TUG has lot of HGVC owners who know alot about the HGVC TSs. *BUT* TUG only has a few members which own Hilton City points and unforunately some of the provide info has not the same,  But here goes:


howard said:


> I tend to visit New York City every year- once or twice and need to stay at a hotel in Manhattan during the week for 2-4 nights each time, so am considering a purchase of Hilton City Points.  May also want to use points for a couple days in LAs Vegas or Hawaii.
> 
> If you own at the Hilton in New York City can you use the points at other Hilton timeshares and is the point value the same.


YES, Hilton city points owners can use their points at any HGVC TS.  BUT the info on is the point value is not confirmed. BUT the best info seems to be that 1 West 57th St.City pt=2 HGVC pts but original Hilton Club is 1:1 


> How far in advance can you book your week.
> 
> Do owners find availability, especially weekdays fairly good or do you have to book way in advance to use your time.


HGVC owners can reserve their home resort 12 months in advance, and I believe that same is true for City point owners. BUT HGVC & city point owners can reserve at other HGVC resorts 9 months from checkin. Only City point owners can use their pts at their City Clubs resort for partial weeks at 9 months. All Other HGVC owners can use their pts at the NYC resorts only 45 days before checkin. 

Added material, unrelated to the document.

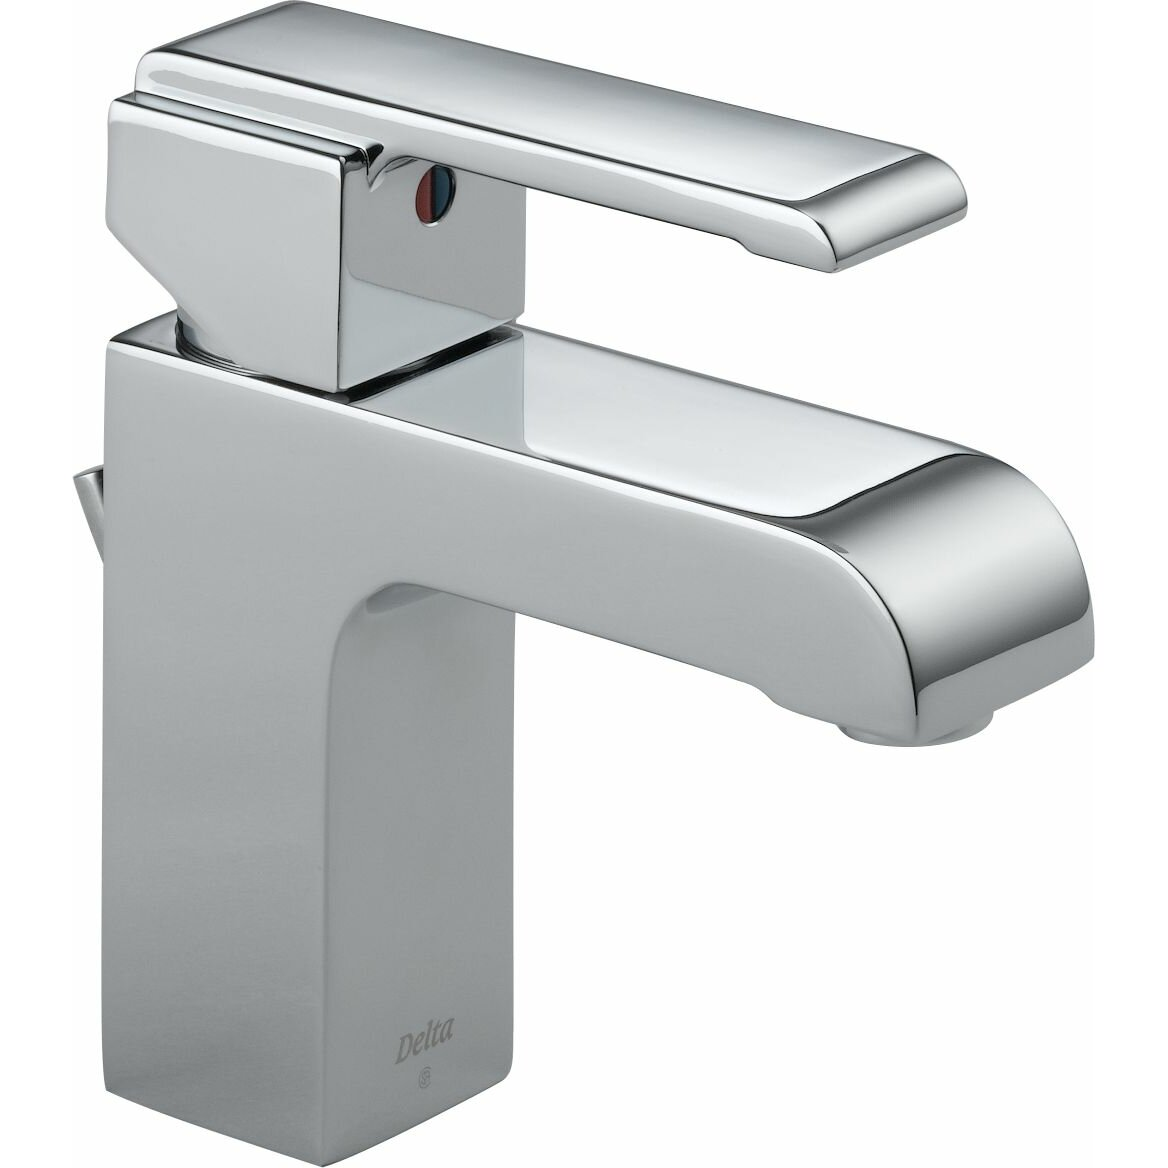 Delta Arzo Series Single Hole Bathroom Faucet with Single Handle
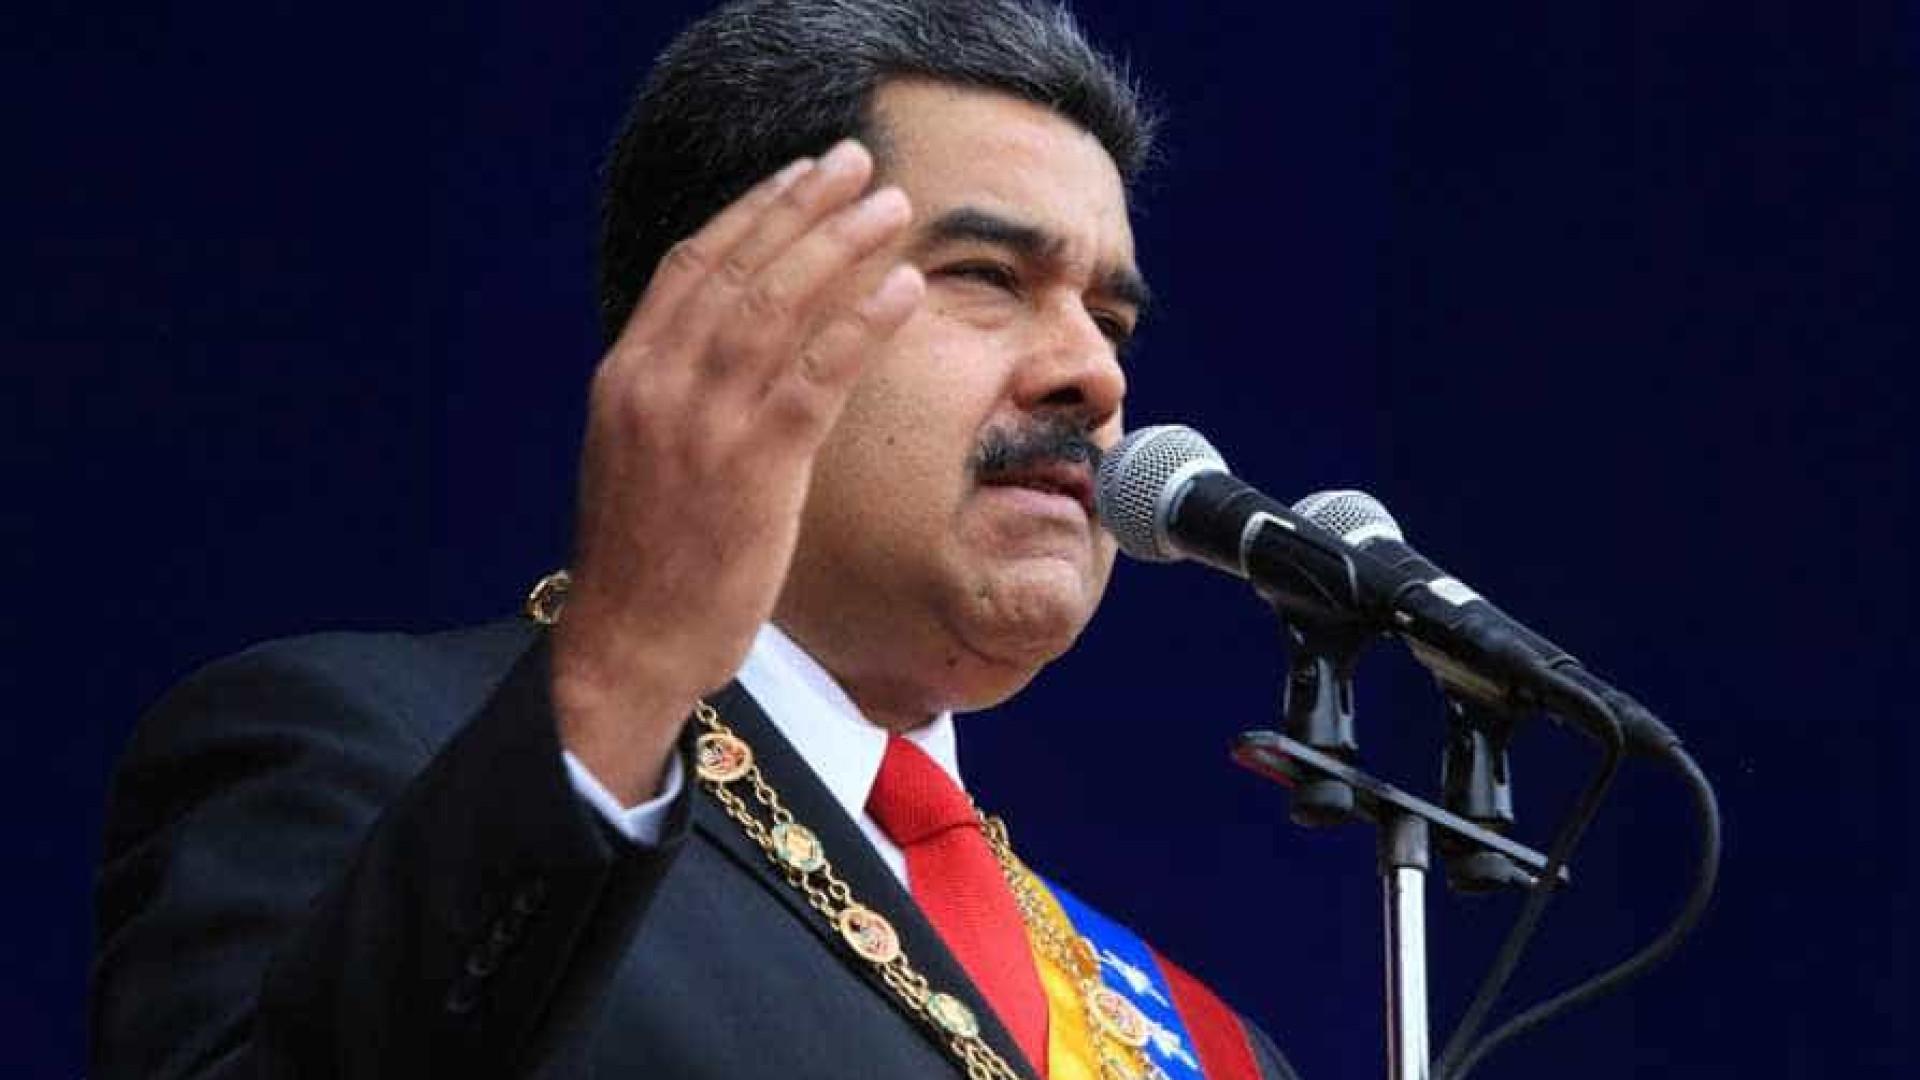 Durante discurso, Maduro é alvo de tentativa de atentado com drone

> What happens if you have some points left over at the  end of the year.


HGVC allows owners to rescue their unused points till the next year for a small fee ~$70 , It is likely that City point owners can do the same.  BUT many HGVC owners suggest that before the start of the year, you should bank the next years points to the following year ( so in Dec 2008, bank 2009 pts to 2010) You then can use your combined 2010 pts in both 2009 & 2010. 
For more info on left over points use see  this thread  



> How do Citypoints transfer in HHonors points.


the info on is this is not confirmed but it seem to be 1 original Hilton Club city pt=25 HiltonHonor pts   BUT  1 West 57th st. city pt=50 HiltonHonor pts 

Hope that helps

PS the info on the city club is not confirmed because the same questions about HGVC pts: City points and Hilton Honor convertions have gotten different answers from different City Club owners. It seem that the 2 city clubs have different rules. I'm not sure ?!


----------



## Carlsbadguy (Oct 17, 2008)

Thanks for the info.  We will see if anyone else chimes in.


----------



## Carlsbadguy (Oct 19, 2008)

*Any HGVC New York City Owners*

I ma considering a purcahse at teh Hilton Club in New York. If there is anyone who owns there I have a bunch of questions I would like to ask.
Thanks


----------



## Carlsbadguy (Oct 23, 2008)

*HGVC City Points*

I was wonderign what the reservations rules are for reserving time if you are anowner at the Ave of Americas location. Specifically if you want a number of 1-3 night stays during the week.

Also what do people do with points left over at the end of the year.


----------



## hvacrsteve (Oct 25, 2008)

*new owner soon*

We are in contract for 18000 pts and should
settle by the end of the year.
I can tell you that at hilton club the city points are 
one to one with HGVC pts.
The hilton honors exchange rate is 25 to 1
We bought their because we love NY and it is an exspensive
city to stay, but the Hilton club is great.
You also are automatically a Gold Honors member.
The other properties are silver.

As I learn more I will try and keep you up to the latest on
this property.


----------



## Bill4728 (Oct 25, 2008)

hvacrsteve said:


> I can tell you that at hilton club the city points are
> one to one with HGVC pts.
> The hilton honors exchange rate is 25 to 1



Thanks for the info.

You are the third person who gave the info:
1 City pt = 1 HGVC
1 City pt = 25 HHpts

But we have had 2 people give the other info: 
1 City pt = 2 HGVC
1 City pt = 50 HHpts

It would sure be nice to find out why were getting the different info?


----------



## hvacrsteve (Oct 25, 2008)

Bill4728 said:


> Thanks for the info.
> 
> You are the third person who gave the info:
> 1 City pt = 1 HGVC
> ...



Bill,
I think the issue is people are comparing and mixing up Hilton Club and
W. 57th street.
At w57th street the HH are are 1 pt = 50 HH points
I am not sure about the HGVC exchange rate, but I know the property 
is selling for about $10.00 per point, so they have to have something extra,
In my opinion the new w 57ht isn't as nice as the Hilton Club.
It also isn't finished yet.
But what I stated about Hilton club I know to be correct.


----------



## Carlsbadguy (Oct 25, 2008)

If you have extra City Points left at the end of the year what are your options.


----------



## DCBob (Oct 26, 2008)

howard said:


> If you have extra City Points left at the end of the year what are your options.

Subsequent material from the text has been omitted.